Records provided
────────

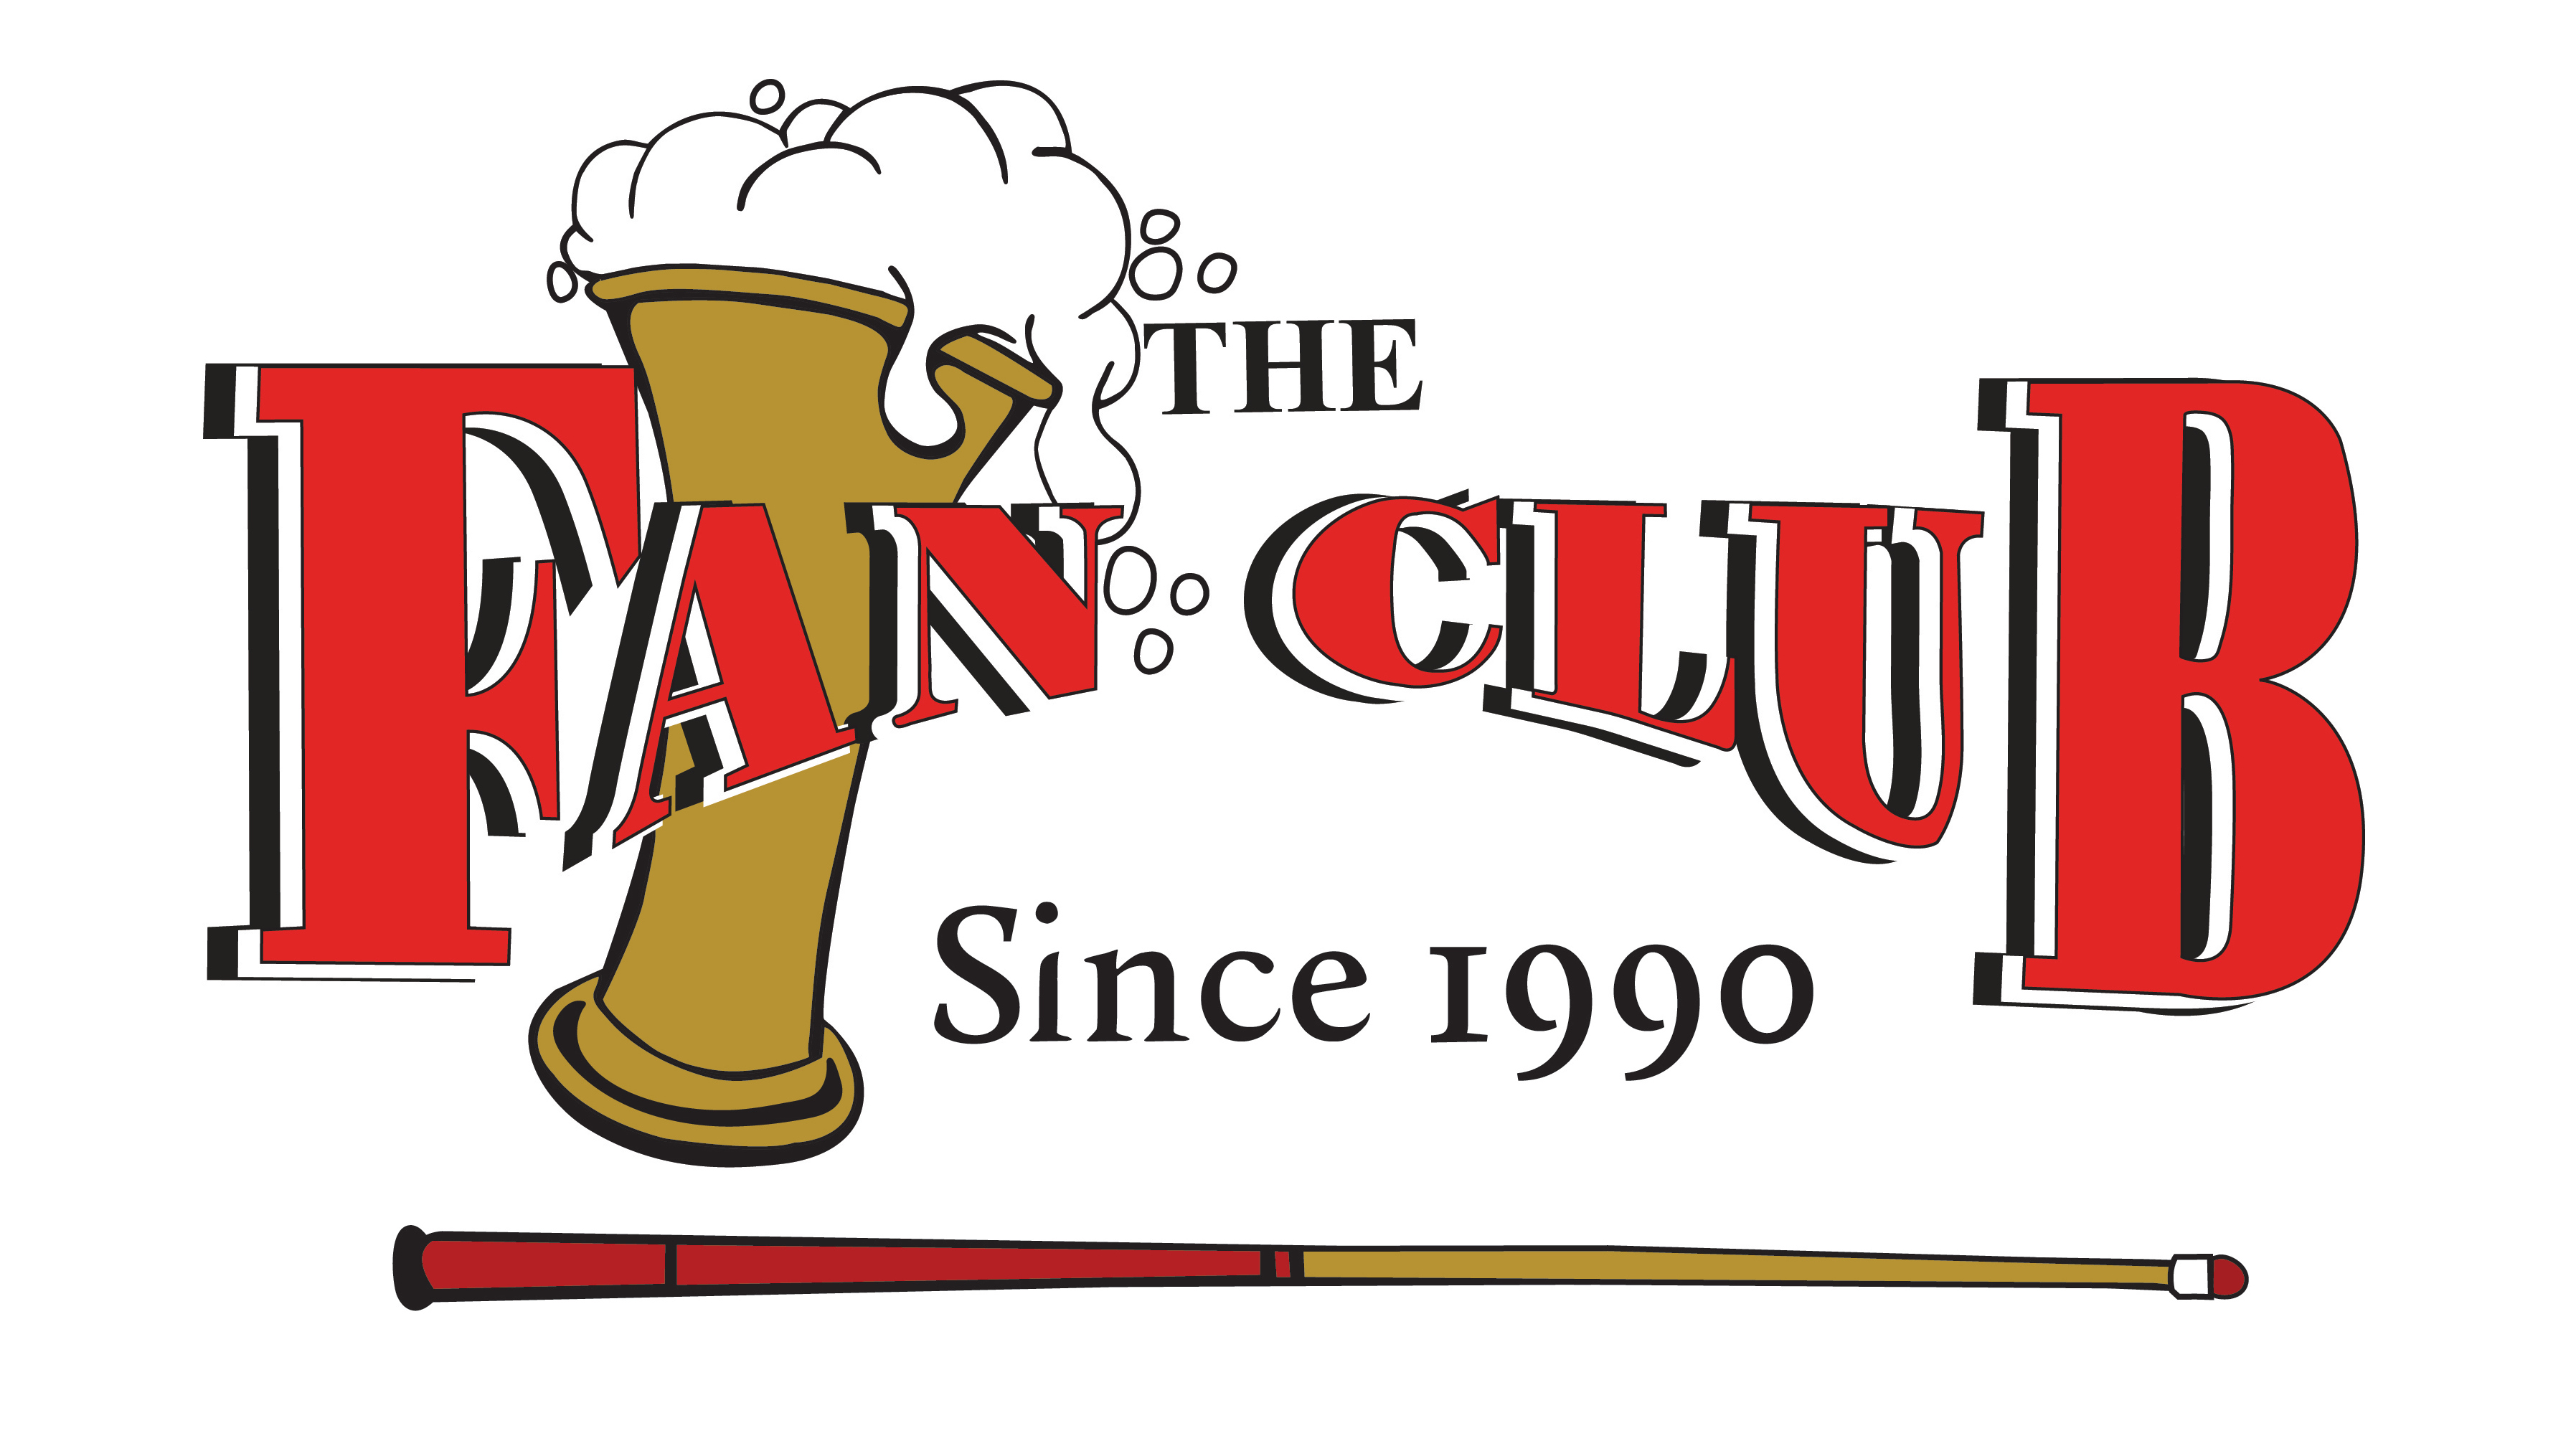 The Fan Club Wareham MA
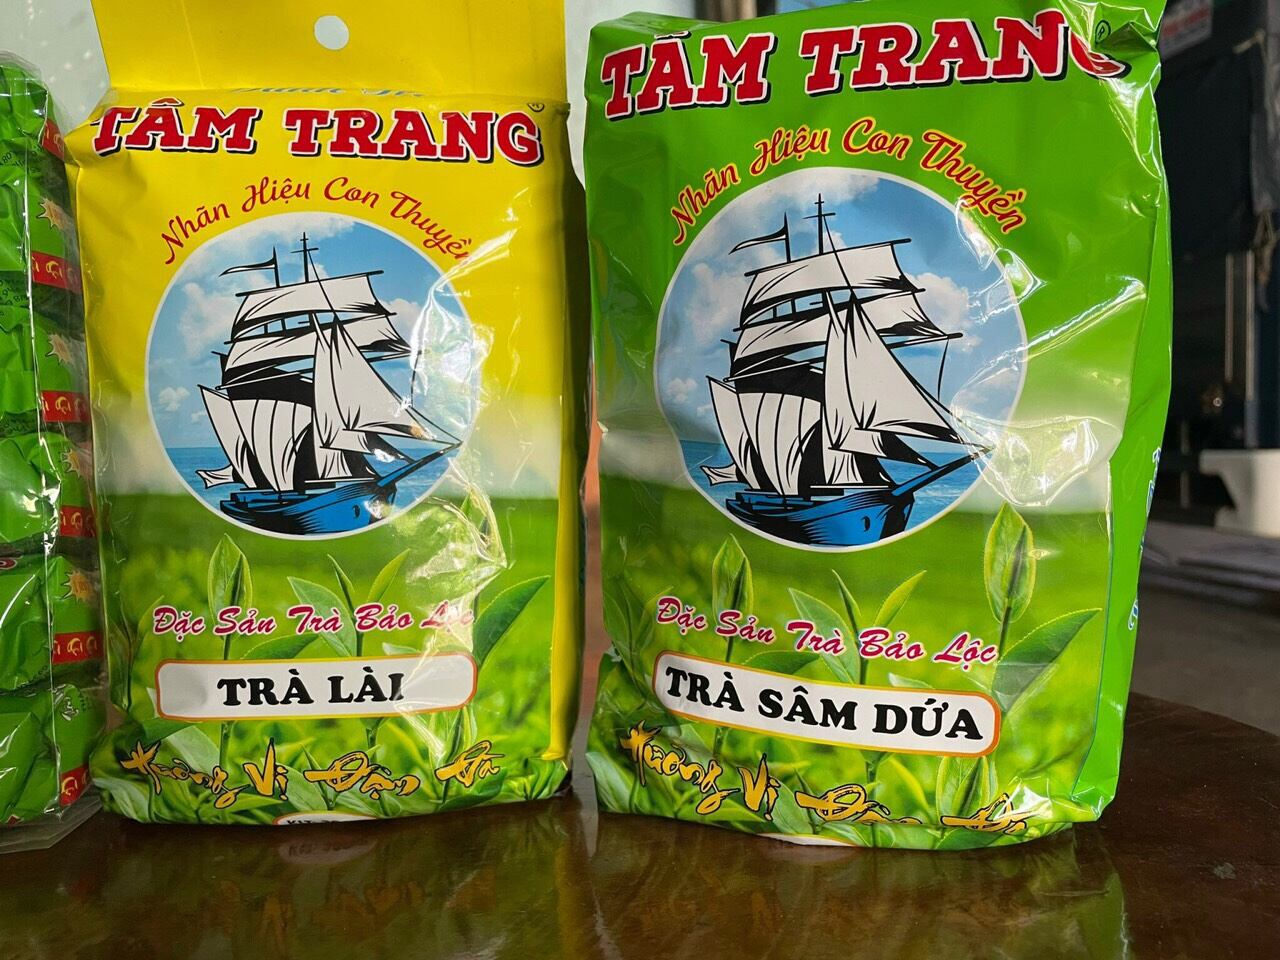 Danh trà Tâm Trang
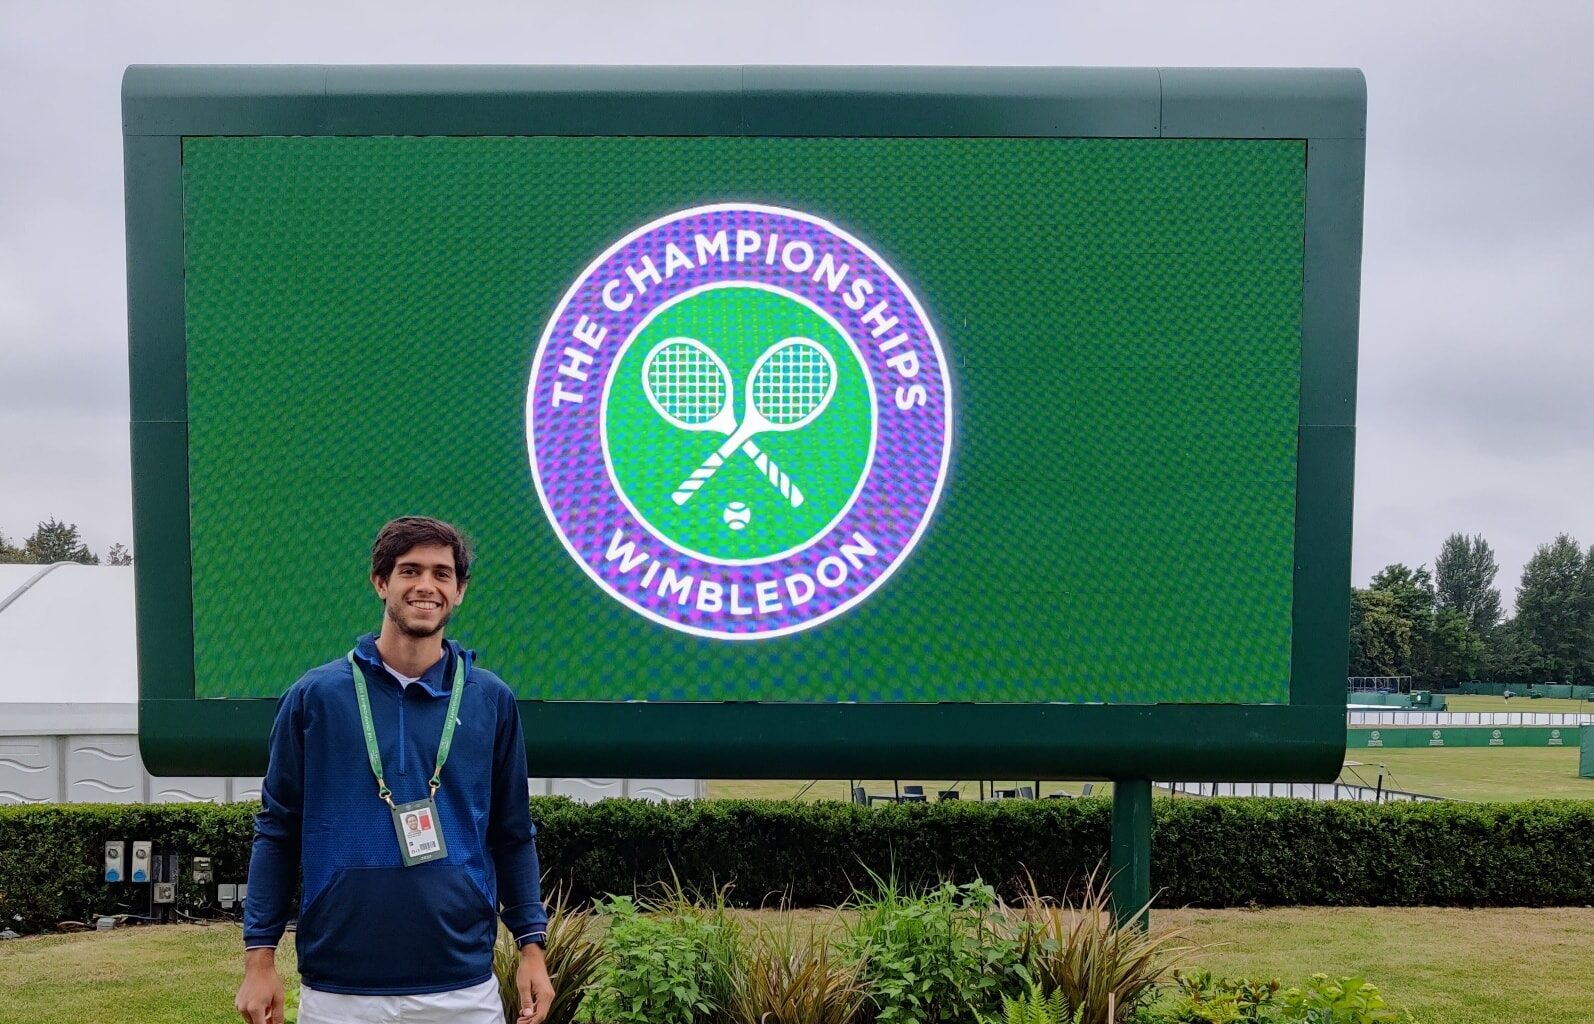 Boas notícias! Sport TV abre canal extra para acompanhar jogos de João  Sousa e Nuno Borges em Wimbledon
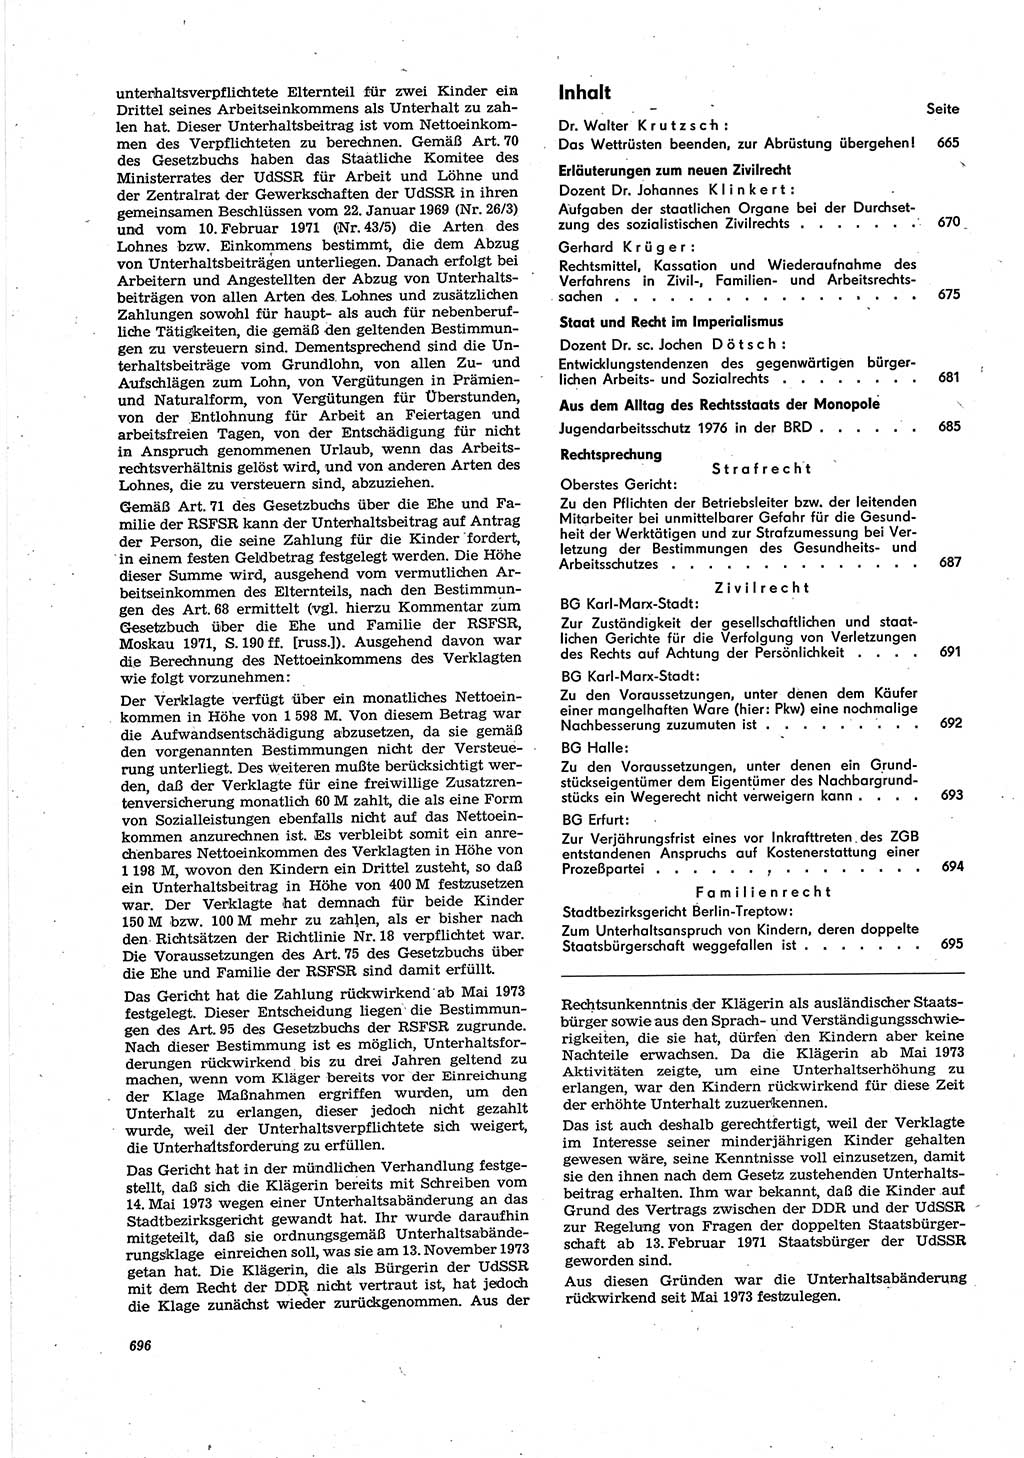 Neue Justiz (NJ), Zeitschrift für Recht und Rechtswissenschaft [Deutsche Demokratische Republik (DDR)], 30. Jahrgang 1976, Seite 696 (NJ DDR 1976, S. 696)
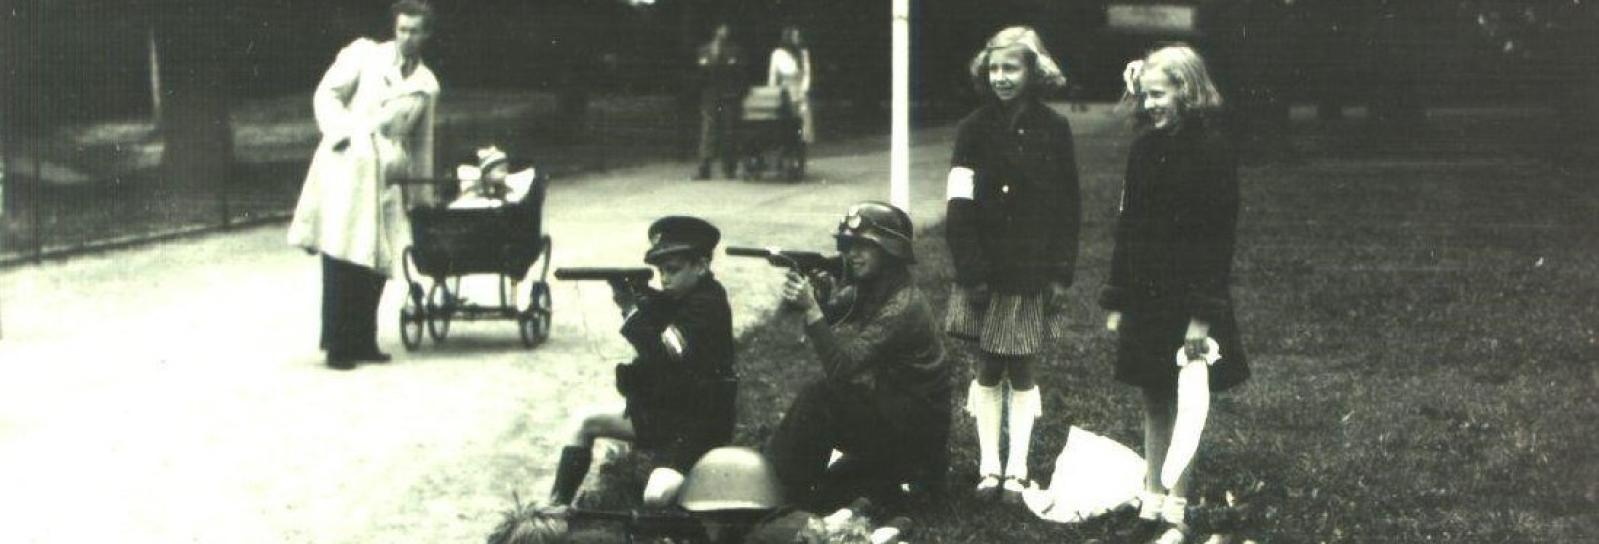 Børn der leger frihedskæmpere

────────

Your instructions
Print, please, exactly the lines from the one holding "Neue Justiz (NJ), Zeitschrift" through the final line of the data, both included, while leaving out each picture.

Answer space
 Neue Justiz (NJ), Zeitschrift für Recht und Rechtswissenschaft [Deutsche Demokratische Republik (DDR)], 30. Jahrgang 1976, Seite 696 (NJ DDR 1976, S. 696)
 Børn der leger frihedskæmpere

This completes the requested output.